The function uses the above algorithm of finding the lowest SIS ID.
<function>
<name>getPersonalDataItem</name>
<documentation>
Selects the assignment that contains the most authoritative personal data.
</documentation>
<parameter>
<name>assignments</name>
<type>c:AssignmentType</type>
</parameter>
<parameter>
<name>itemName</name>
<type>xsd:string</type>
</parameter>
<returnType>xsd:string</returnType>
<returnMultiplicity>single</returnMultiplicity>
<script>
<code>
import com.evolveum.midpoint.prism.path.ItemName
import com.evolveum.midpoint.schema.util.ObjectTypeUtil
// Here would be some very smart code evaluating specified business rules aimed to pick
// the most accurate and precise data.
// Currently we simply take the assignment with the "lowest" ID.

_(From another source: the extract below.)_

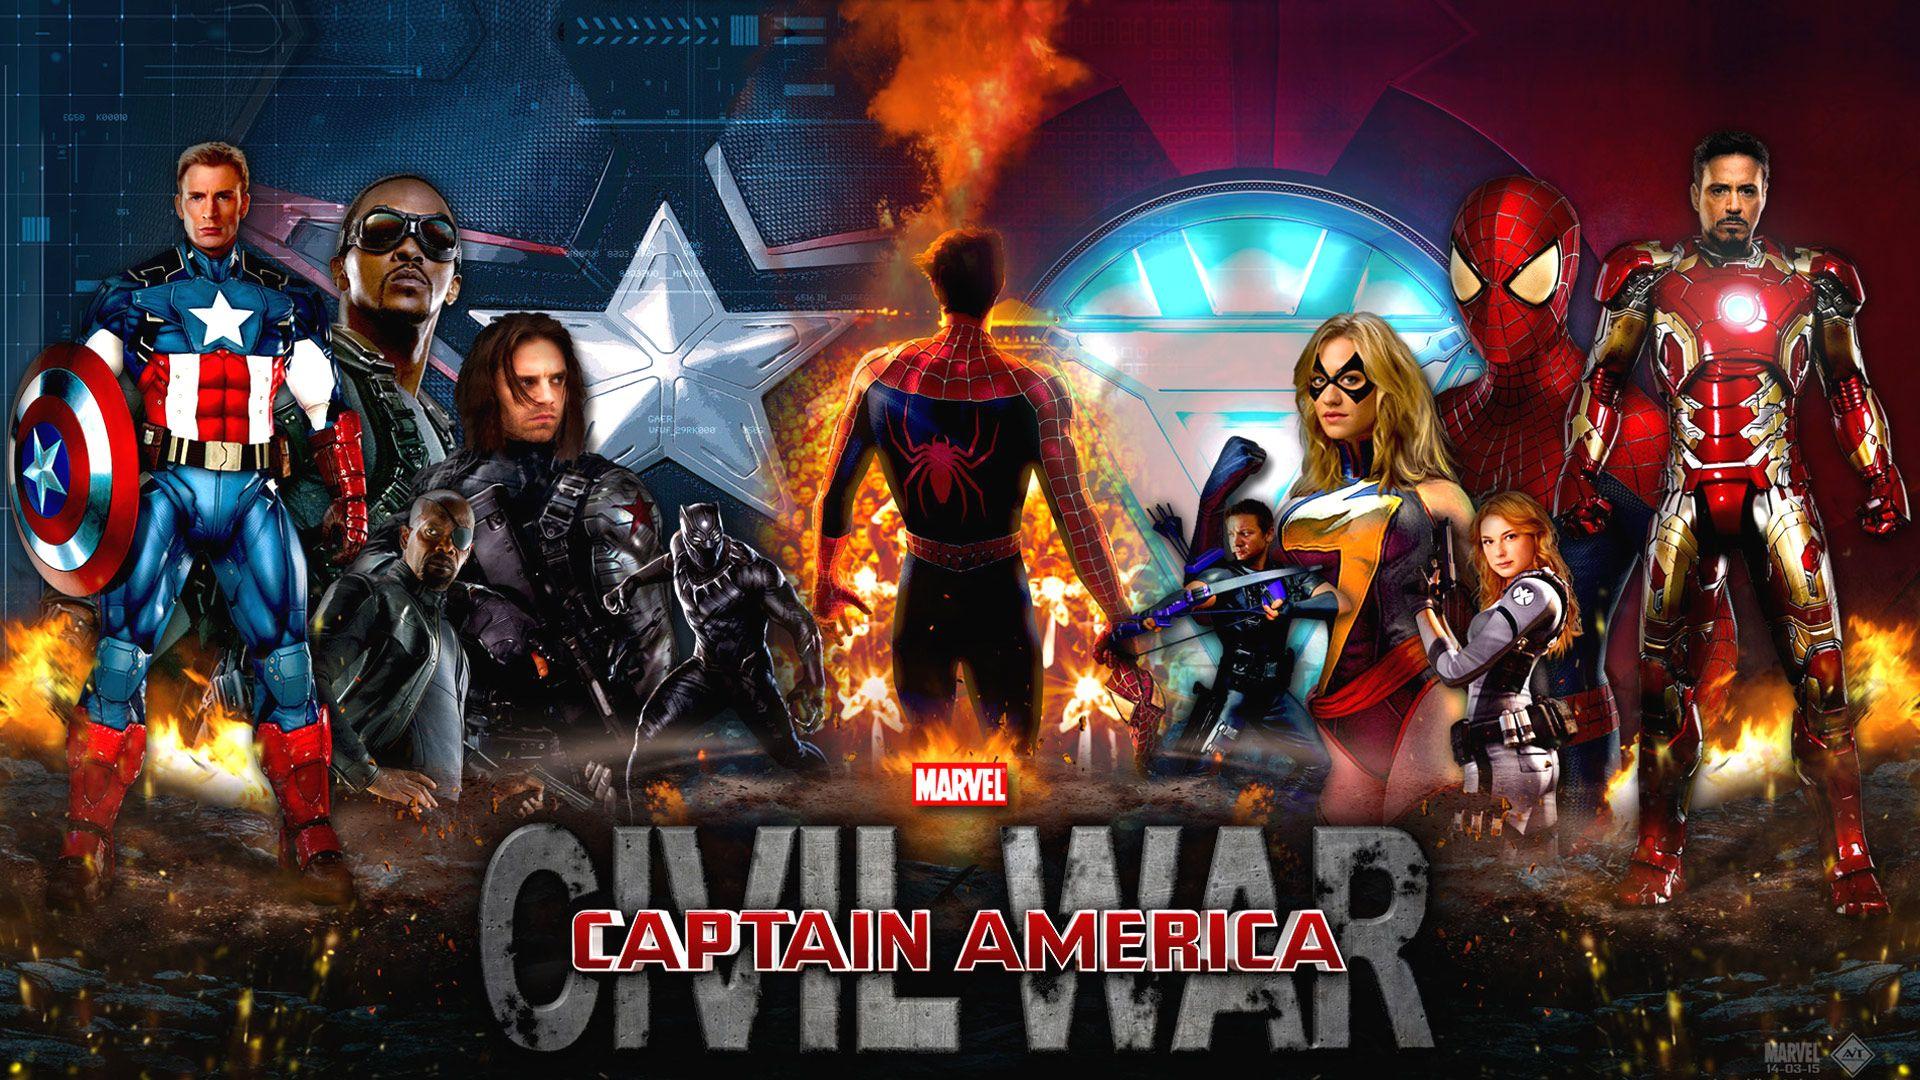 Civil War Captain America Wallpapers - Top Free Civil War Captain

def sourceId = new ItemName('sourceId')
if (assignments == null || assignments.isEmpty()) {
return null
}
sorted = new ArrayList(assignments)
sorted.sort { ObjectTypeUtil.getExtensionItemRealValue(it.asPrismContainerValue(), sourceId) }
def assignment = sorted.iterator().next()
ObjectTypeUtil.getExtensionItemRealValue(assignment.asPrismContainerValue(), new ItemName(itemName))
</code>
</script>
</function>
There are other mappings, like ones that generate the full name of a user (by combining given name and family name), and the name of the user (by using family name plus an iterator). The details are on GitHub.
Other Features
There are other features, like notifications about correlation cases created, or reports and dashboards displaying the correlation state.
Some of all are implemented in the configuration that can be found on GitHub, while others will be part of the sample Docker deployment that is being prepared.